MARKOS ANTONOPOULOS, STEFAAN W. VAN GOOL, DIMITRA DIONYSIOU, NORBERT GRAF and GEORGIOS STAMATAKOS
Anticancer Research April 2019, 39 (4) 2043-2051; DOI: https://doi.org/10.21873/anticanres.13315

Abstract

Background/Aim: The need for more effective treatment modalities that can improve the clinical outcome of patients with glioblastoma multiforme remains imperative. Dendritic cell vaccination is a fast-developing treatment modality, currently under exploration. Functional immune cell subpopulations may play a role in the final outcome. Materials and Methods: Data from 101 patients drawn from the HGG-2010 trial, including baseline patient characteristics and fluorescence-activated cell sorting of immune cell subpopulations, were analyzed by statistical and machine-learning methods. Results: The analysis revealed strong correlations between immune profiles and overall survival, when the extent of resection and the vaccination schedule were used as stratification variables. Conclusion: A systematic, in silico workflow detecting strong and statistically significant correlations between overall survival and immune profile-derived quantities obtained at the start of dendritic cell vaccination was devised. The derived correlations could serve as a basis for the identification of prognostic markers discriminating between potential long- and short-term survivors of patients with glioblastoma multiforme.

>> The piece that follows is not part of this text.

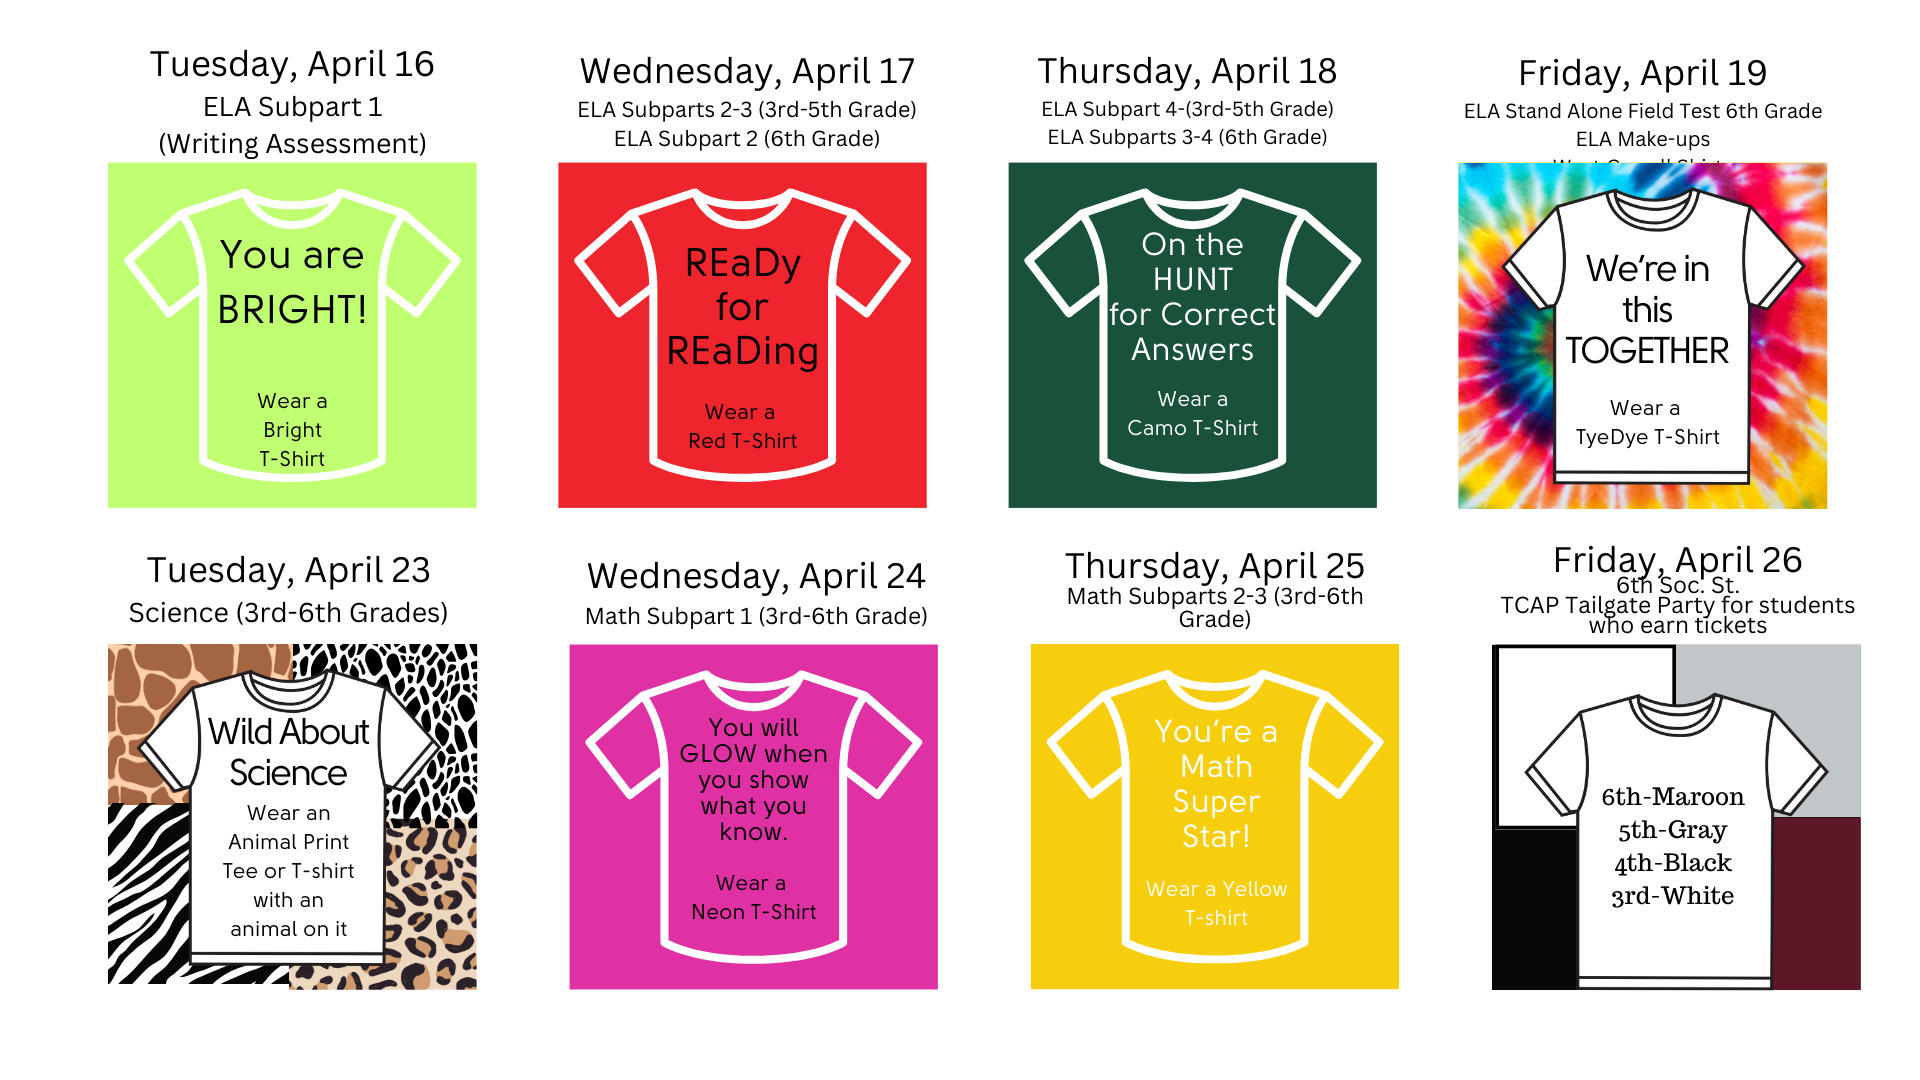 WCES Theme Days on TShirts for the Week of TCAP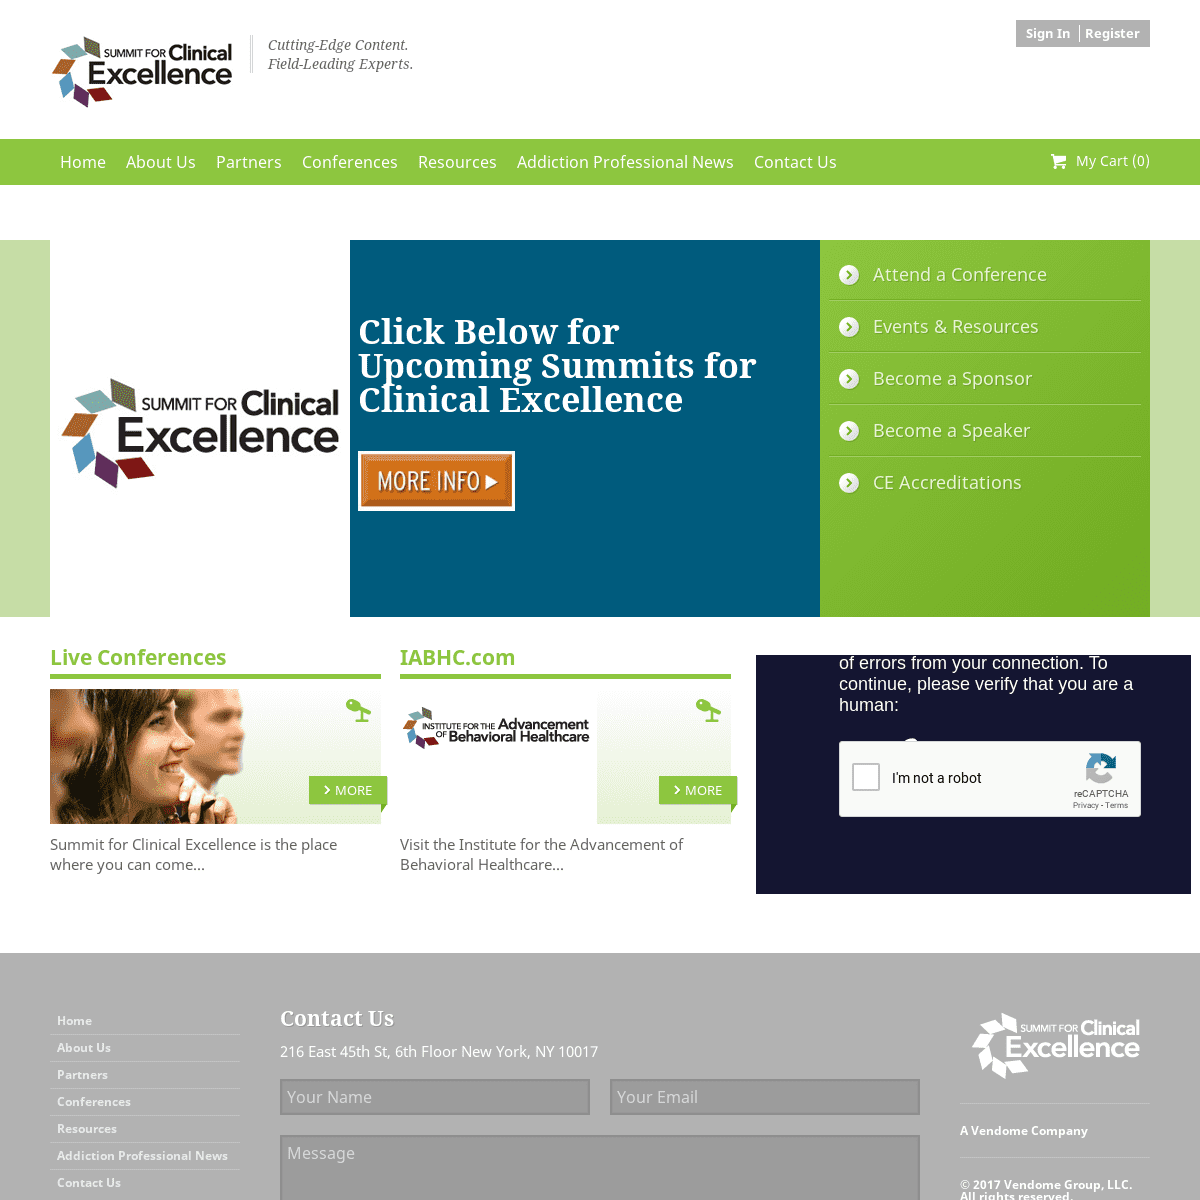 A complete backup of summitforclinicalexcellence.com

High grade gliomas (HGG) are the most frequent primary tumors of the central nervous system and consist of anaplastic/malignant gliomas (WHO grade III) and glioblastoma multiforme (GBM, WHO grade IV). The average incidence of GBM is about 3 to 4 per 100,000 adults (1). Standard treatment of these patients consists of resection, radiotherapy and chemotherapy. Even after maximal treatment, prognosis for patients with GBM remains poor, with a median progression-free survival of 6.9 months and a median overall survival (OS) of 14.6 months (2, 3). Relapse is universal and believed to be due to the extensive spread of tumor cells into the surrounding healthy brain tissue (4). Hence, there is a need for more effective treatment modalities that can improve clinical outcome.

Dendritic cell (DC) vaccination is an emerging treatment modality currently being explored in preclinical research and clinical trials (5-11). With DCs being the most potent antigen-presenting cells of the immune system, DC vaccination aims to activate the patient's immune system against the tumor. Additionally, induction of immunological memory might theoretically establish long-term anti-tumoral protection. Despite the promising effect of DC-based immune therapy for HGG, its clinical benefit may be restricted to only a subgroup of patients emerging as a “tail in the OS curve” repetitively found in survival analyses of vaccinated patients (12-14). Unfortunately, biomarkers at diagnosis predicting long-term outcome after active specific immunotherapy as part of standard treatment fail. Here we investigated whether profiles of immune cells at diagnosis and prior to DC vaccination are correlated with the final OS of patients undergoing radiochemotherapy, maintenance chemotherapy and DC vaccination.

Materials and Methods

The Computational Horizon in Cancer (CHIC) platform. As part of the European CHIC research project (www.chic-vph.eu), data from 101 patients with GBM and treated according to the HGG-2010 phase IIb randomized clinical trial (EudraCT 2009-018228-14) and subsequently sampled in the retrospective Glioma Translat study (15) became available for analysis. The treatment schedule has been published elsewhere (5). The Glioma Translat study was approved by the Ethical Committee, and all patients gave written informed consent. Data were uploaded by the responsible clinicians into the CHIC electronic platform after double pseudonymisation via a trusted third party, leading to effective anonymization for analysis. All patients underwent at least subtotal resection and were treated with radiochemotherapy with temozolomide as chemotherapeutic agent, and finaIly with maintenance temozolomide as described by Stupp et al. (2, 3).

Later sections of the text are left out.